### Work to complete
Drop the pictures and restate the rest of the listing word for word.

### Information shown
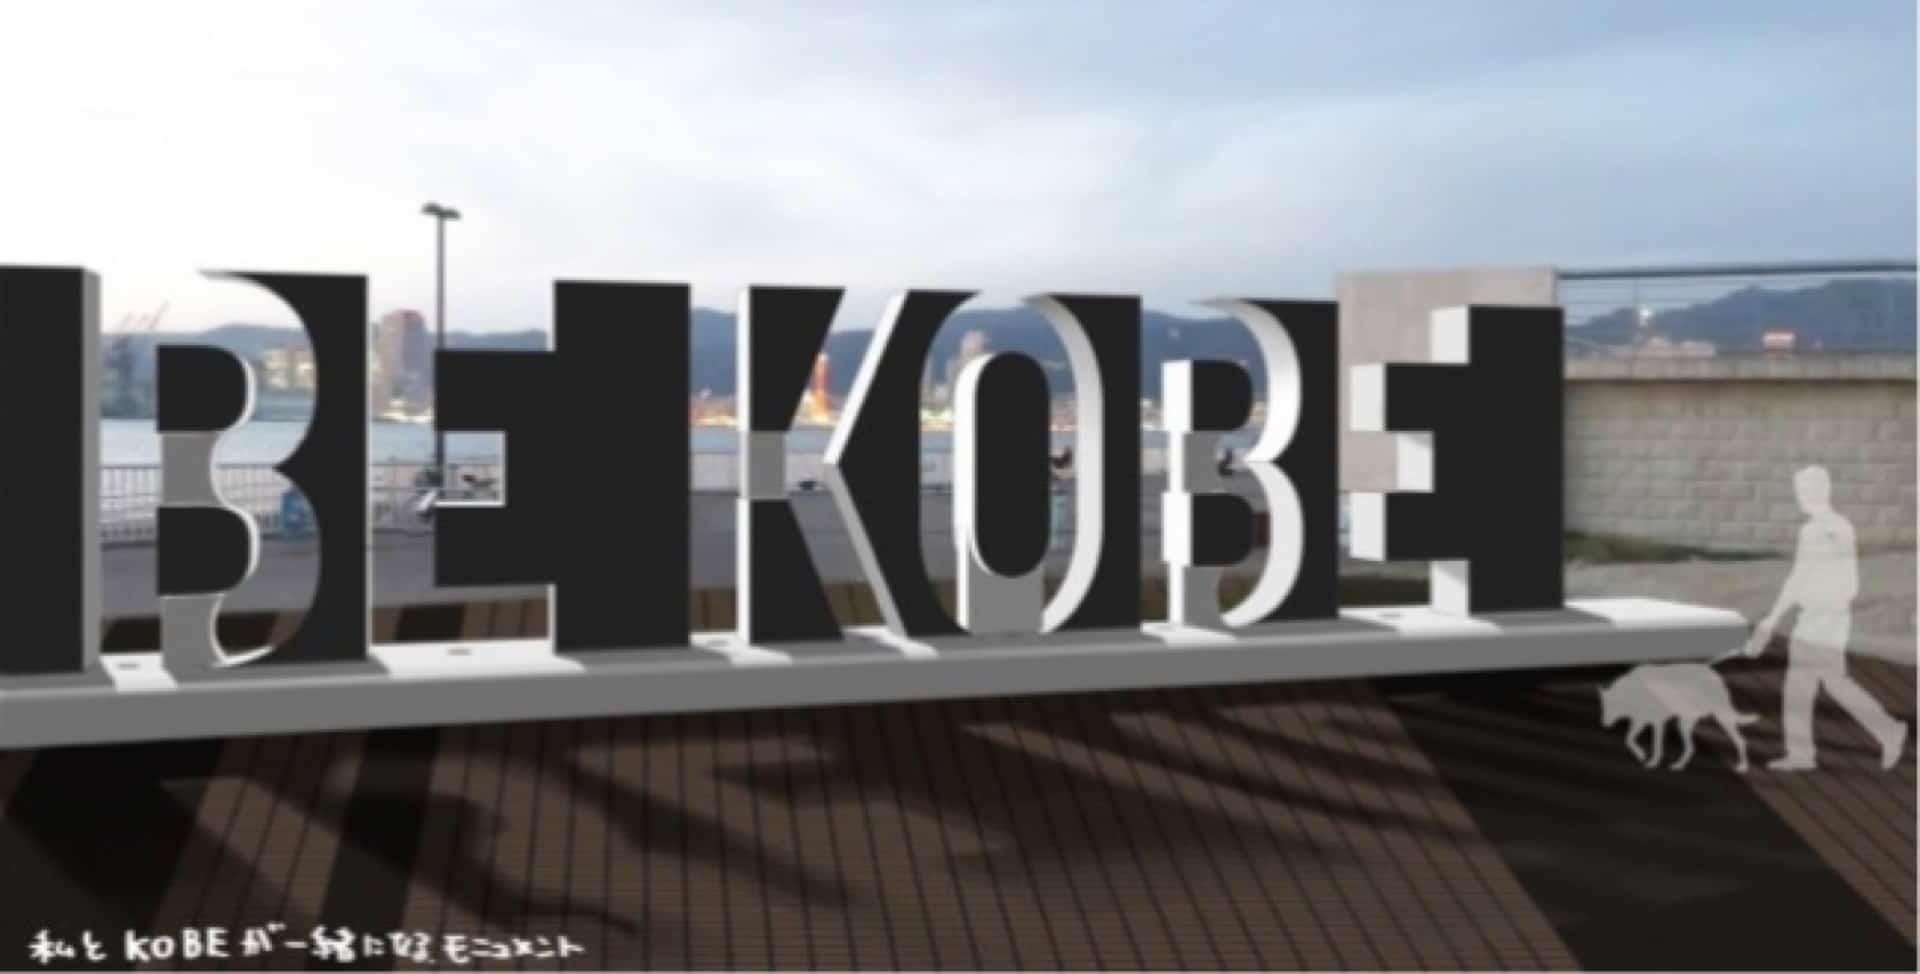 「BE KOBE」モニュメントがポーアイ・しおさい公園にも登場!7月8日に除幕式・点灯式
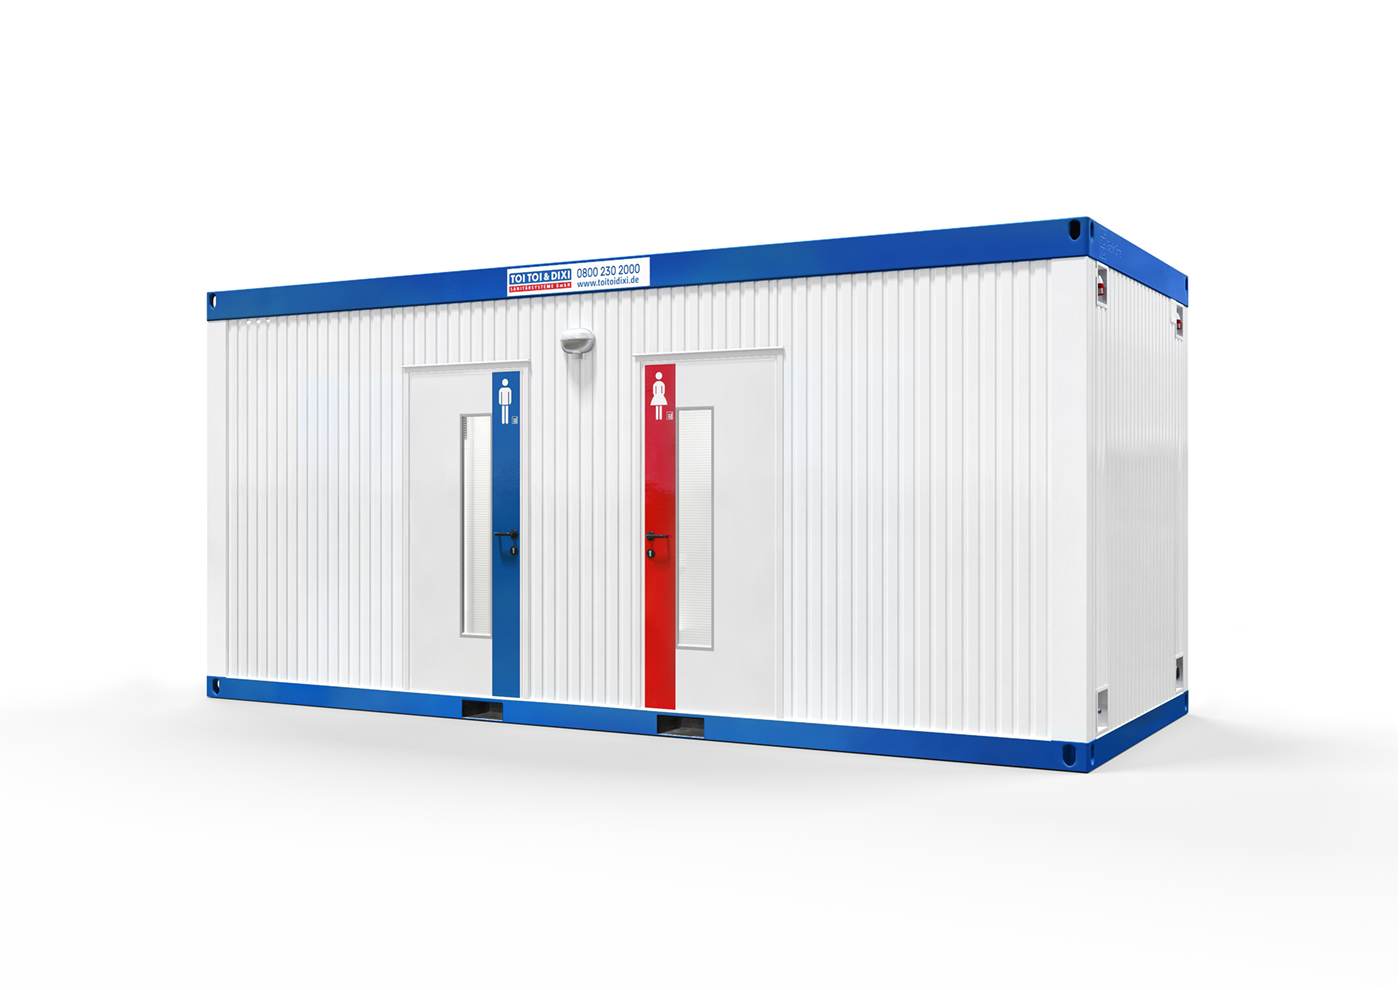 Charmant Sanitärcontainer   Container   DIXI® Klo U0026 Bürocontainer Mieten   TOI TOI U0026  DIXI
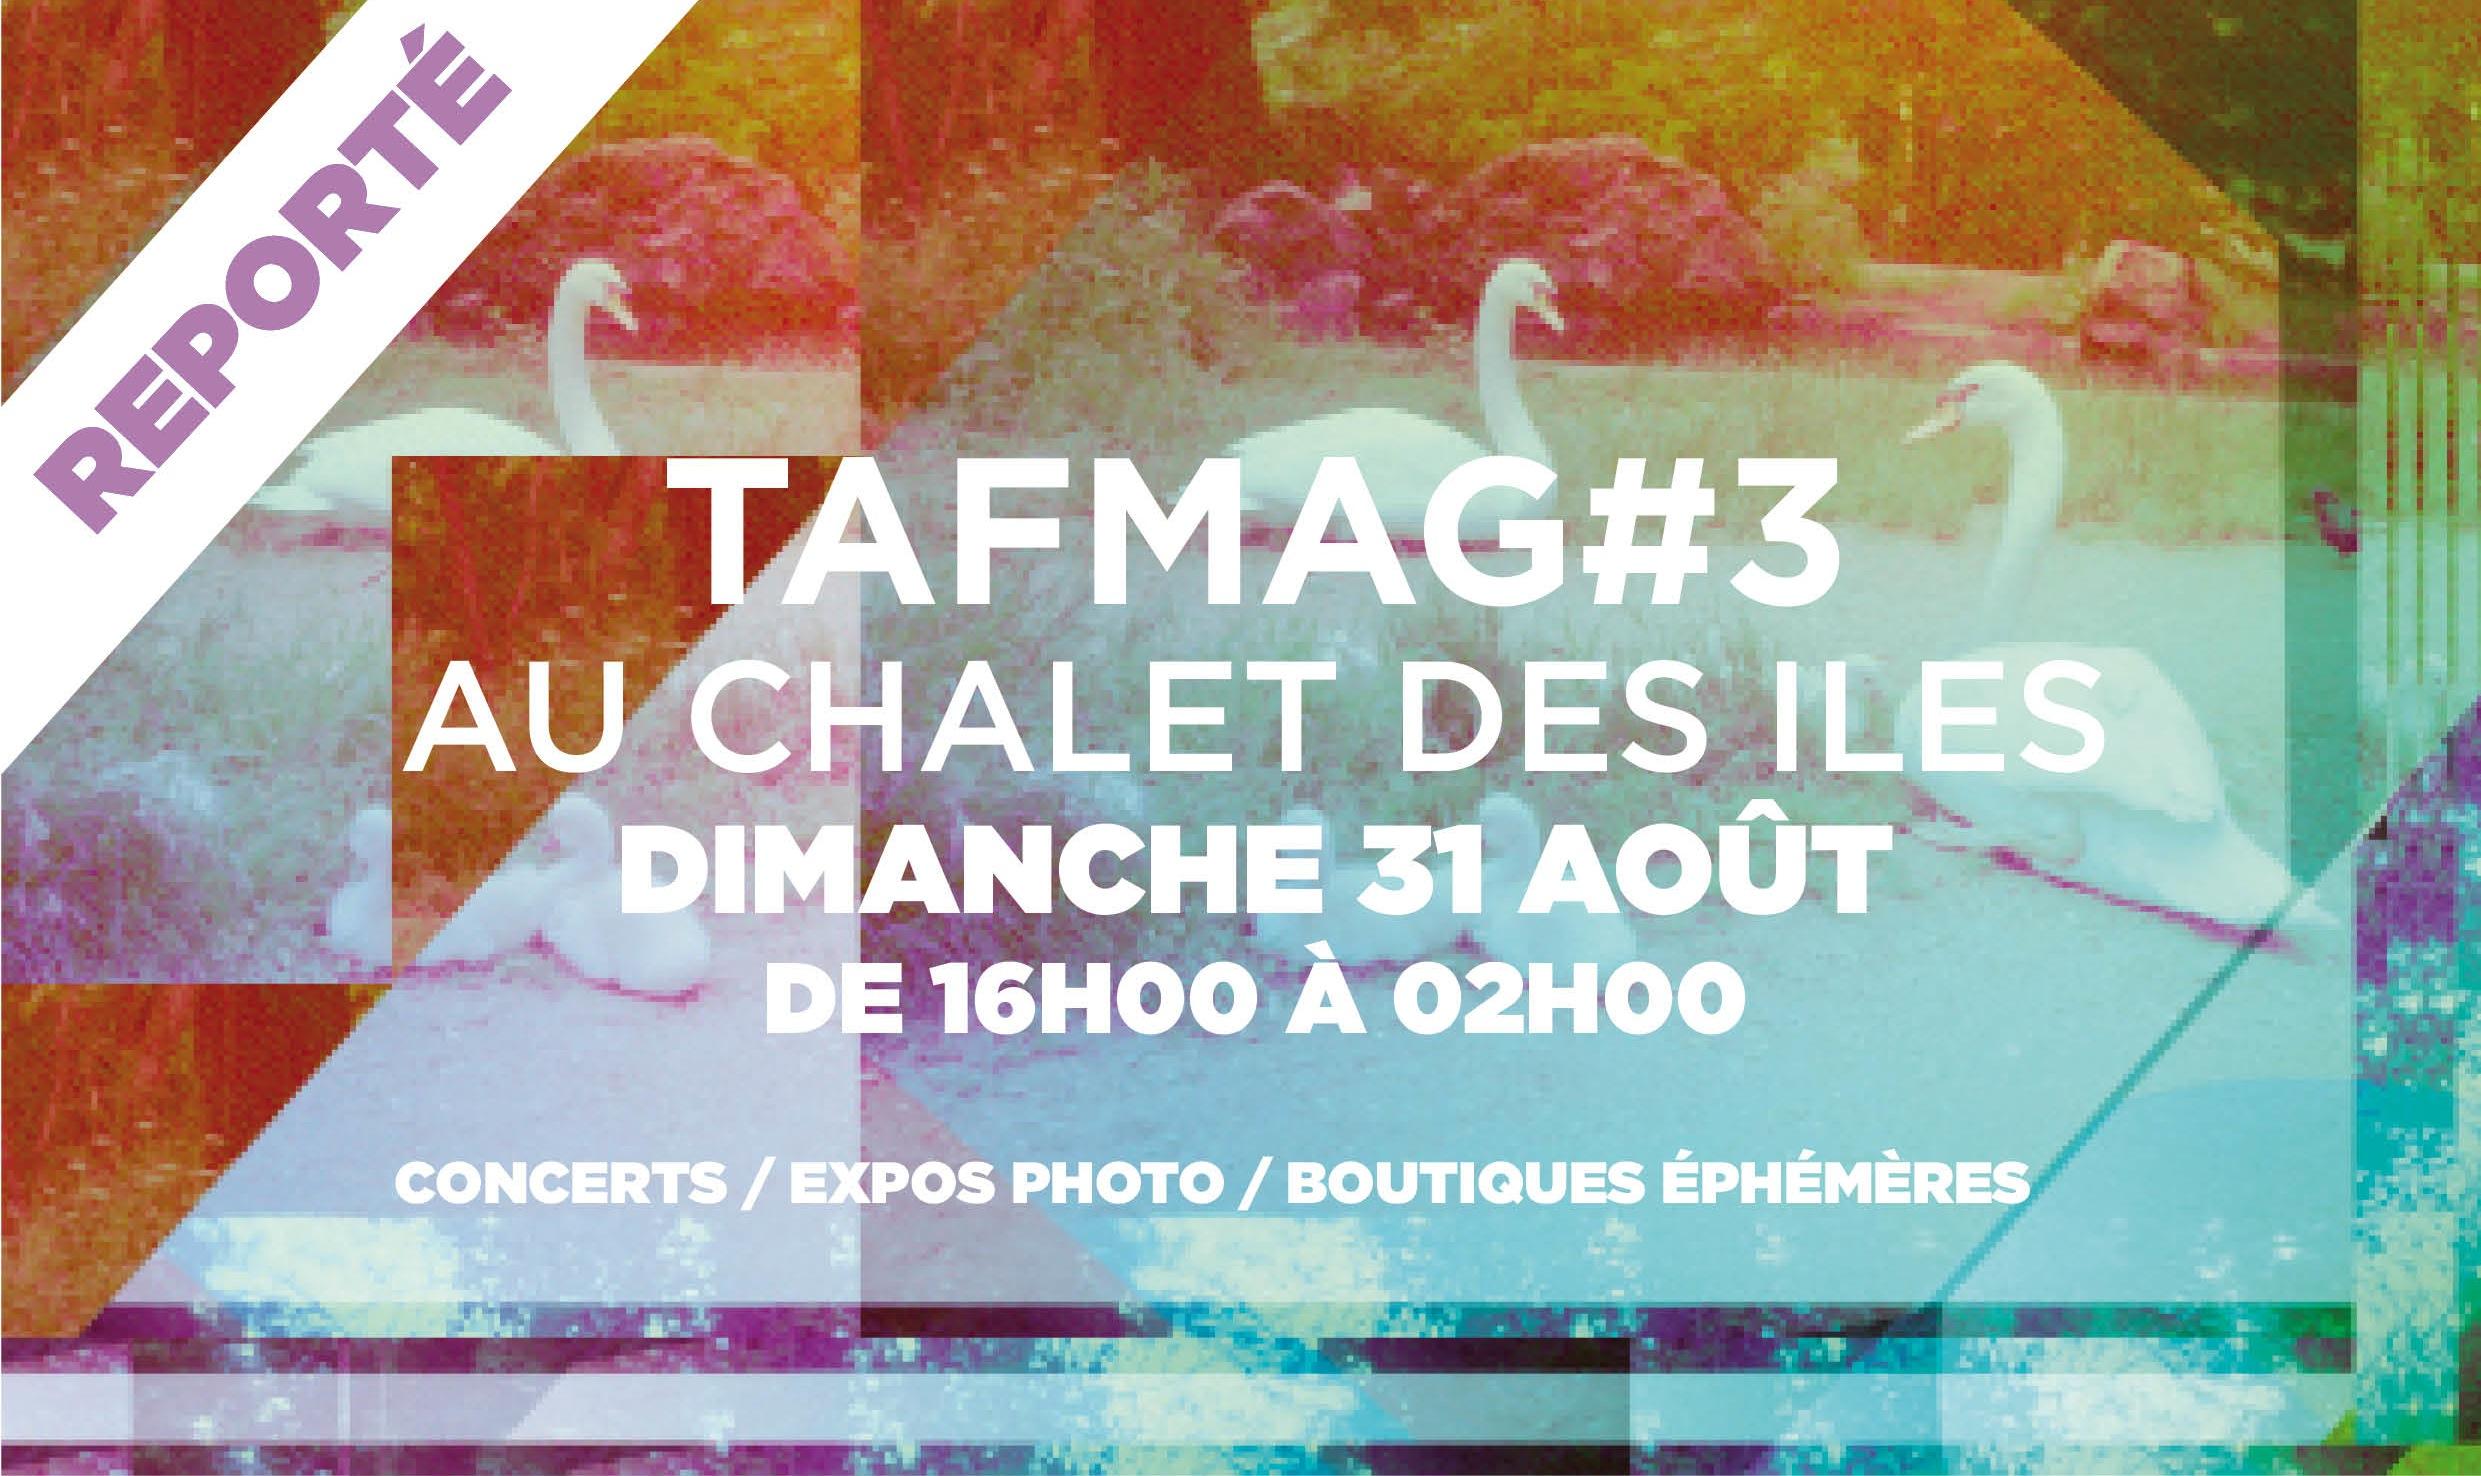 newletter tafmag#3 reporté copy
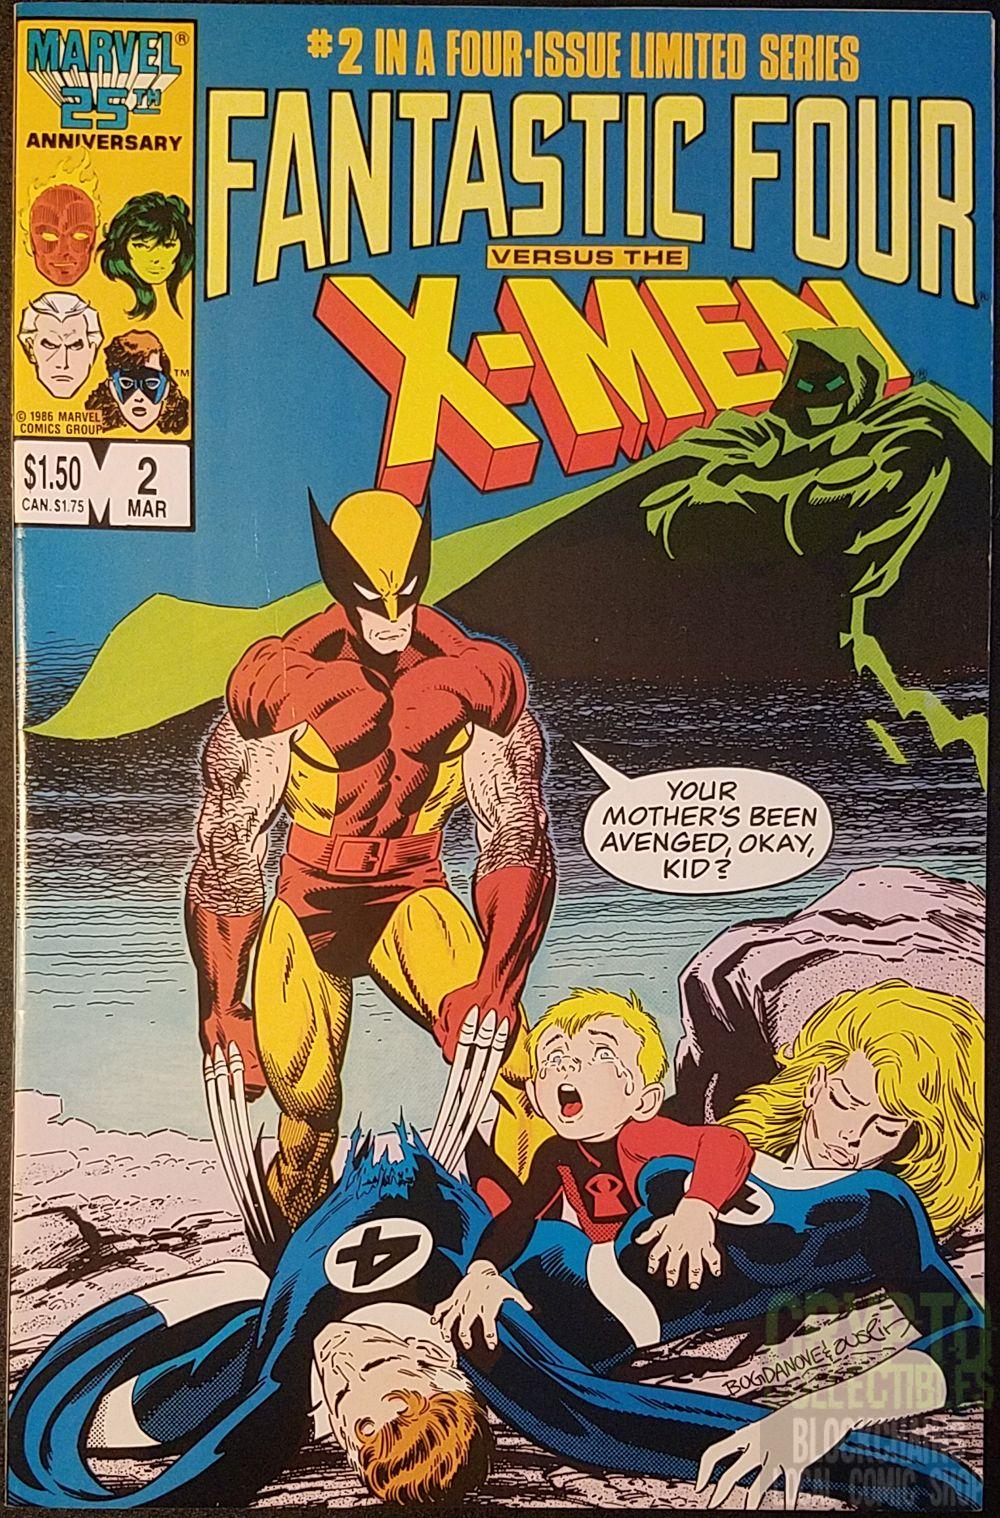 Fantastic Four Versus The X Men 2 By Chris Claremont Jonbogdanove And Terryaustin Fantasticfour Classic Comic Books Fantastic Four Comics Classic Comics

### Answer to the problem
 「BE KOBE」モニュメントがポーアイ・しおさい公園にも登場!7月8日に除幕式・点灯式
 Charmant Sanitärcontainer   Container   DIXI® Klo U0026 Bürocontainer Mieten   TOI TOI U0026  DIXI
 newletter tafmag#3 reporté copy
 Fantastic Four Versus The X Men 2 By Chris Claremont Jonbogdanove And Terryaustin Fantasticfour Classic Comic Books Fantastic Four Comics Classic Comics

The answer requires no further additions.